So if anyone has time on their hands this long weekend (well in the UK cool ) have a look.  Seeya all.  Parrots and ducks?????  What is wrong with Mr Chris Johnson, and Mr Stepen Brooks should be getting more sleep at exam time.  razz razz

If you make instant coffee in to a microwave do you go back in time??
Bellbox
2002-06-02 20:52:59
Seeing as Intel is a sponsor of UD, it's no wonder they most likely coded it to run faster on the Pentium.
kruemi [SwissTeam.NET]
2002-06-04 00:32:27
It belongs on the Project and what sort of Calculating is needed.  But The AMD-Athlon Processors are really a bit Faster in many ways than the Ones from Intel.  They greatly improved the Performance ot the Integer and Floating-Point units in the past Versions (Since K6 and K6-2).
P4 has one more Problem with the big pipelines which slow down the processor when the brace-predicrion fails (which happens quiet often... about 5%!).

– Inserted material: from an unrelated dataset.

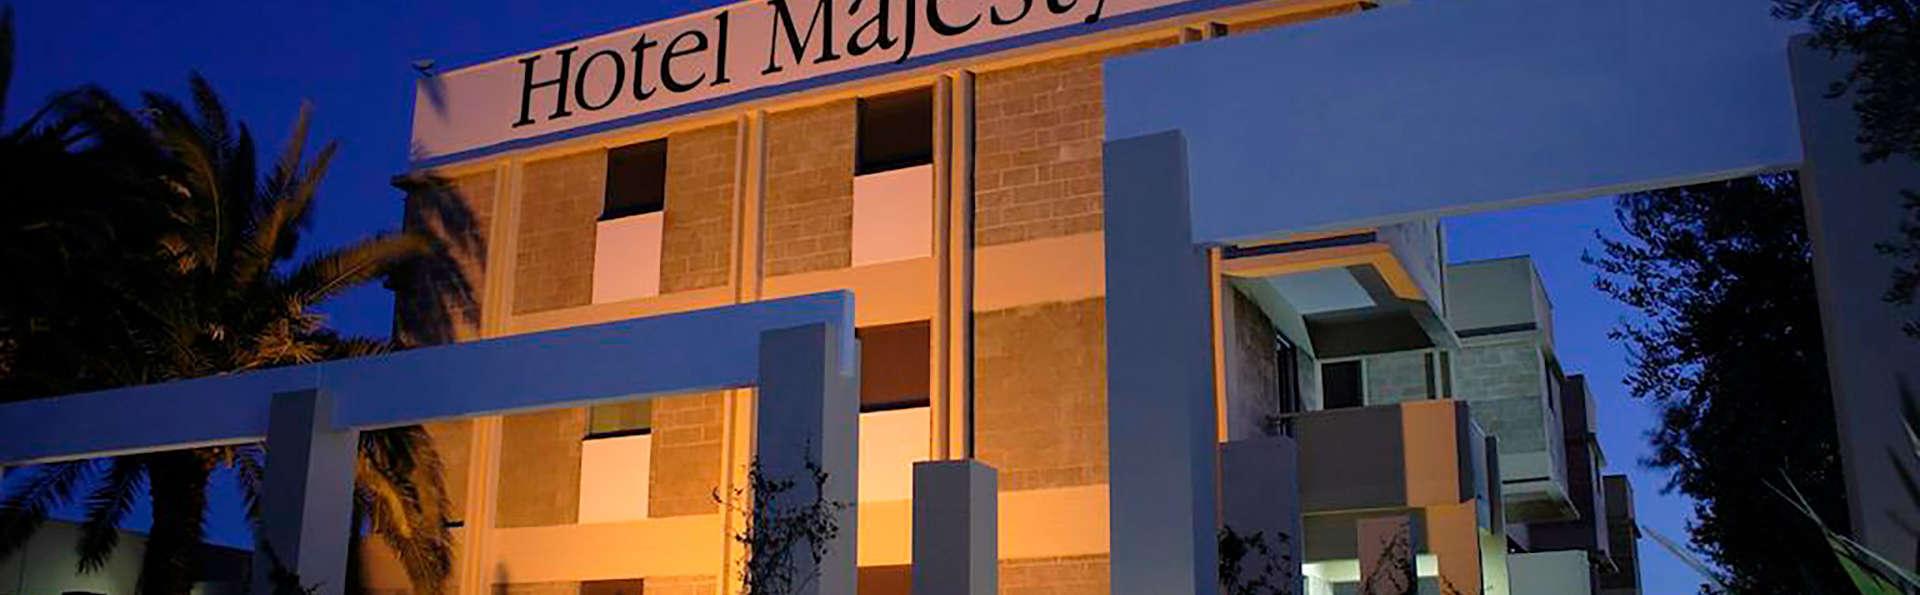 Hotel Majesty - EDIT_N_FRONT.jpg
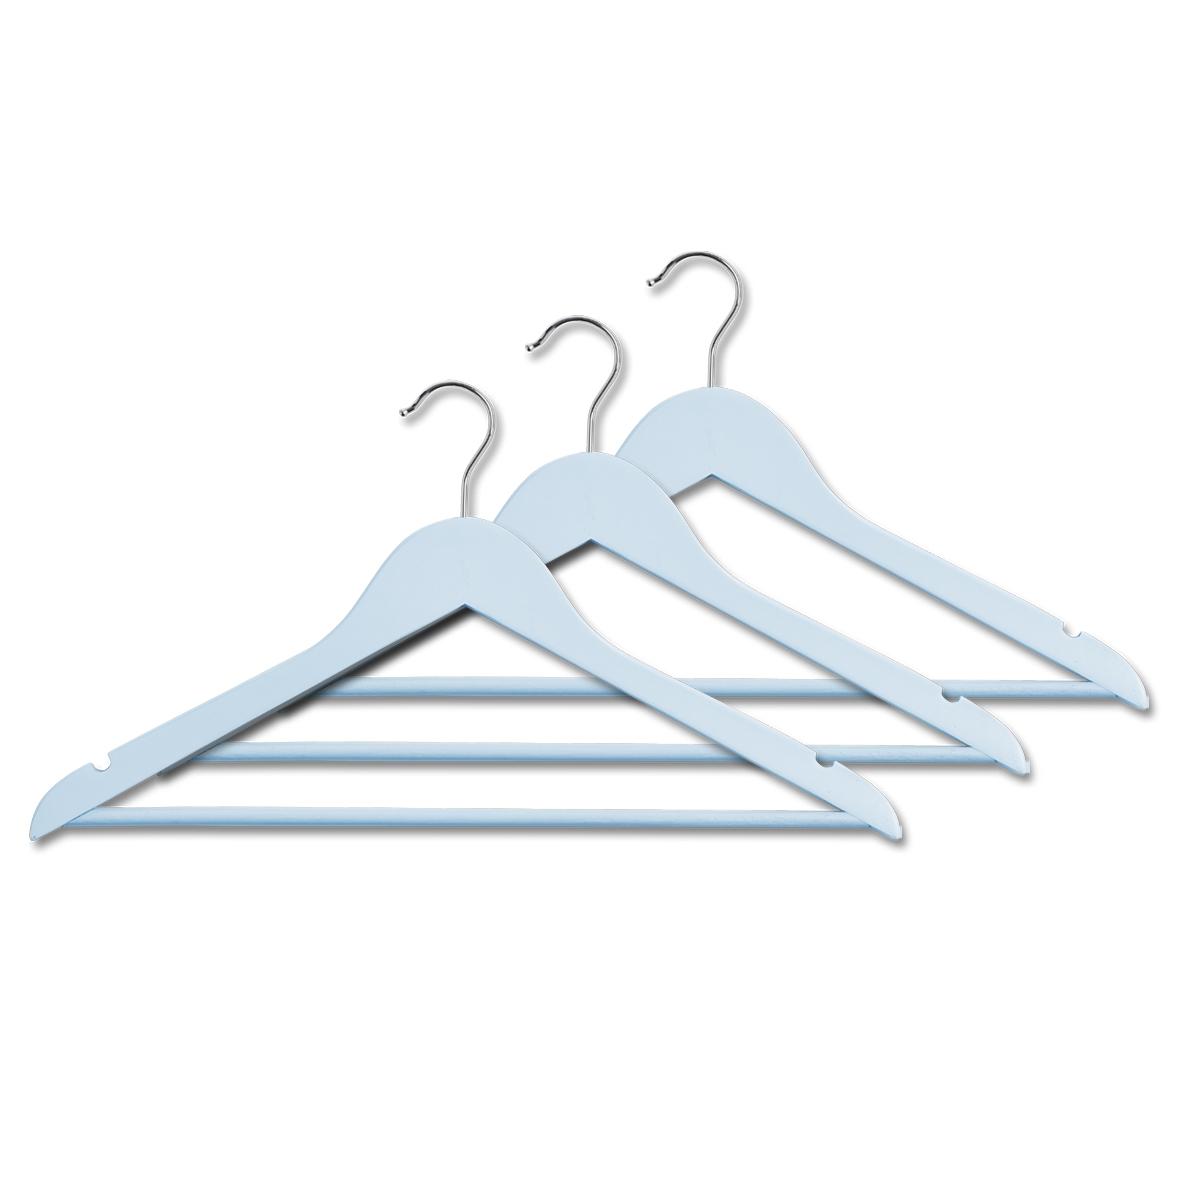 Set umerase din lemn si metal, Scandi Albastru, l44xH23 cm, 3 bucati imagine

As long as the Clients arnen't fully optimized for this type of processor (which means many changes in the structure) the P4 will be "slow" in such contests!

bye

kruemi
AlArenal
2002-06-04 02:17:15
I guess you mean "branch prediction". Generally, one would have to test wich project runs better on which processor.  Instead of hard-coding in assembler, the most influence will come from the compiler options.

Modern compilers allow to optimize code for different processors.  If you use Intel's C or Fortran compiler you'll optimize best for Intel CPUs.  Most other compilers won't be able to compile as well for Intel, but generally are better in optimizing for AMD or other (not Intel compatible) processors.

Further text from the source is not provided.